El pasado jueves 29 de enero, la Venta de Cartuja, una de las más antiguas de España, situada en Jerez, en la barriada rural de Lomopardo, sufría las consecuencias de la crecida del río Guadalete.
Parte del inmobiliario, neveras y hasta una pecera quedaban bajo el agua que entró en este histórico establecimiento que, tras sufrir tres riadas en las últimas tres décadas, se enfrenta a su primera orden de desalojo como manera preventiva.
Sin hacer todavía balance del total de pérdidas, tanto la referida venta como los vecinos de la zona se enfrentan a otra semana de incertidumbre ante la previsión de nuevas e intensas precipitaciones.
Cumplir el sueño de su padre tras su prematura muerte
En medio del temporal, Rodrigo Valle, propietario de Venta de Cartuja, ha mostrado sus sentimientos tras perder buena parte de su negocio por el temporal: "Un día como hoy donde se encuentran mis sueños, mi hogar, mi proyecto de vida, inundados de incertidumbre pienso que desde que falleció mi padre, con solo 49 años –mi padre quedó viuda con solo 39 años– me prometí con solo 16 añitos hacer realidad lo que a él le faltó tiempo por culminar, hacerla restaurante".

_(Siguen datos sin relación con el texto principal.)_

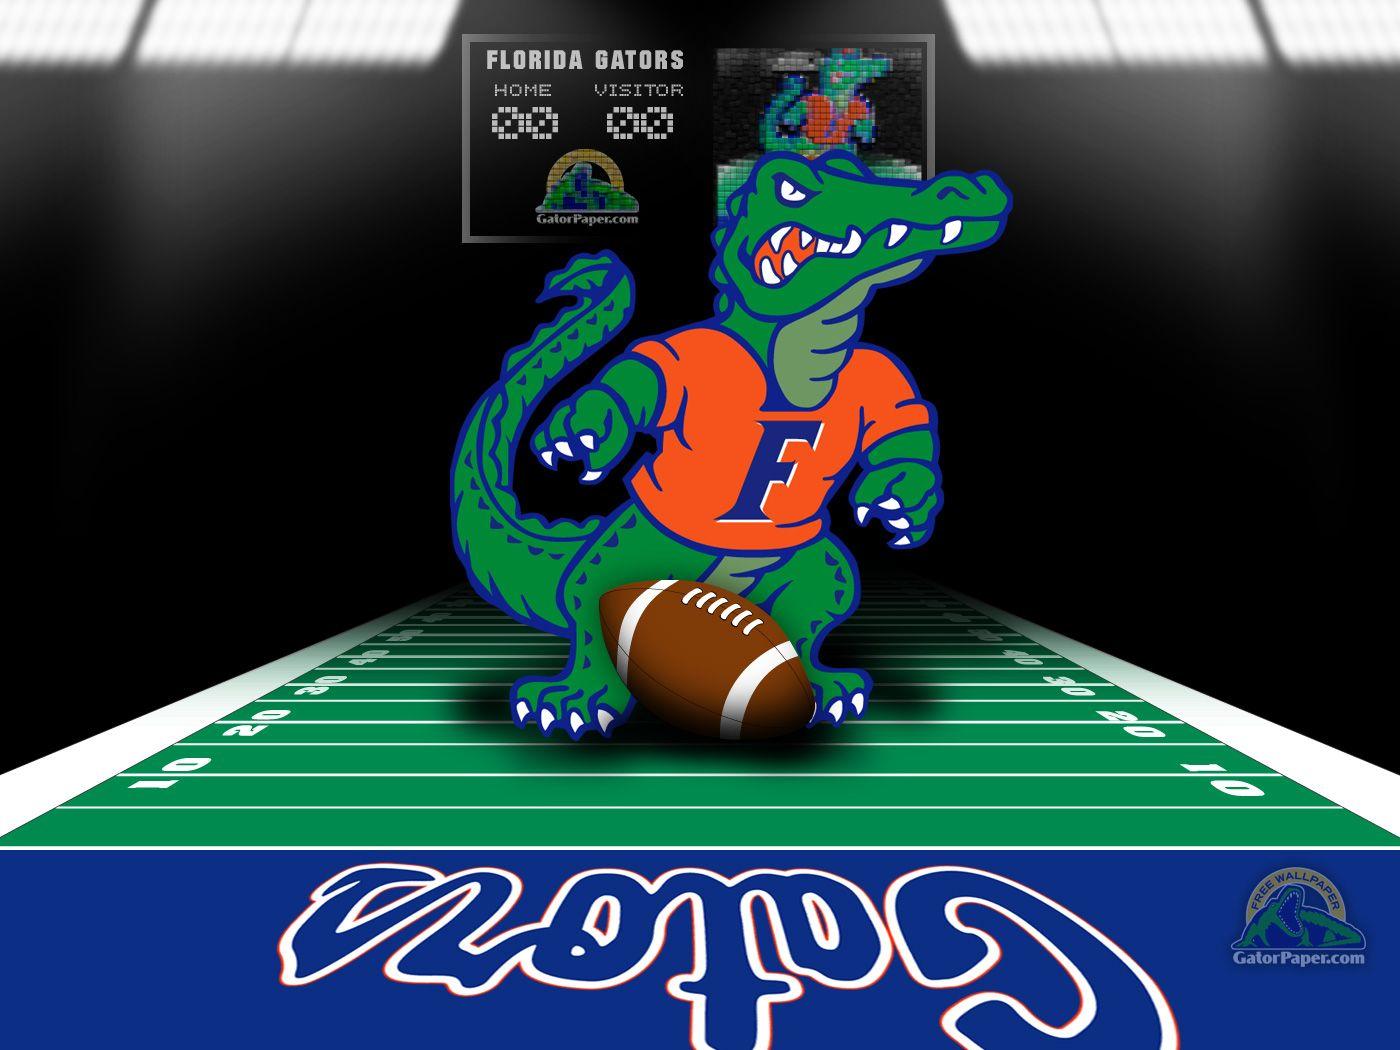 Free Florida Gators Wallpaper | ... Florida Gators Football Wallpaper  Cachedwere Upgrading To Gator

Valle ha añadido que "en el mismo momento de su marcha, me juré que la entonces humilde, aunque muy visitada y valorada por sus productos y esfuerzos de mi padre y mi madre, e histórica Venta de Cartuja la transformaría en el sueño de mi padre. Solo Dios y personas muy cercanas a mí saben lo que me costó y llevo sufrido hasta llegar hasta la actual venta, asador, lugar de celebraciones, panadería y pastelería que ahora se encuentra bajo las aguas del Guadalete".
En estos momentos tan duros, tras ver cómo más de tres décadas de esfuerzo han quedado inundadas, Valle ha sacado palabras de agradecimientos para todas las amistades, familiares y personas en general que están mandándole ánimos desde todos los rincones de Andalucía: "Con la ayuda de Dios y todos vosotros resurgiremos con la ilusión de un niño de 16 años que hoy tiene ya 48", ha apuntado Rodrigo.
La gran respuesta de la ciudadanía
La respuesta de la clientela de Venta de Cartuja a las palabras de su propietario no se han hecho esperar. “Siempre me pareció que dabais un trato ejemplar al cliente. Ojalá pase esta pesadilla y volváis a resurgir cuanto antes”, “espero que abras pronto para ir. Jerez seguro que se vuelca contigo”, “apúntame una mesa para quince cuando abras”, “si necesitas una mano, no dudes en avisarme” o “mucho ánimo y fuerza”, son algunos de los mensajes de apoyo en redes.
“No te conozco, pero iré para que resurja y comeré todas las cosas ricas que he visto en la carta”, comenta Laura. “Estuve hace unos diez días. Mi familia y yo solemos parar cada vez que viajamos hacia el norte desde Cádiz. Vayamos donde vayamos, es nuestra parada obligatoria para el desayuno. El trato y lo que pidas son de enorme categoría”, apunta Raúl.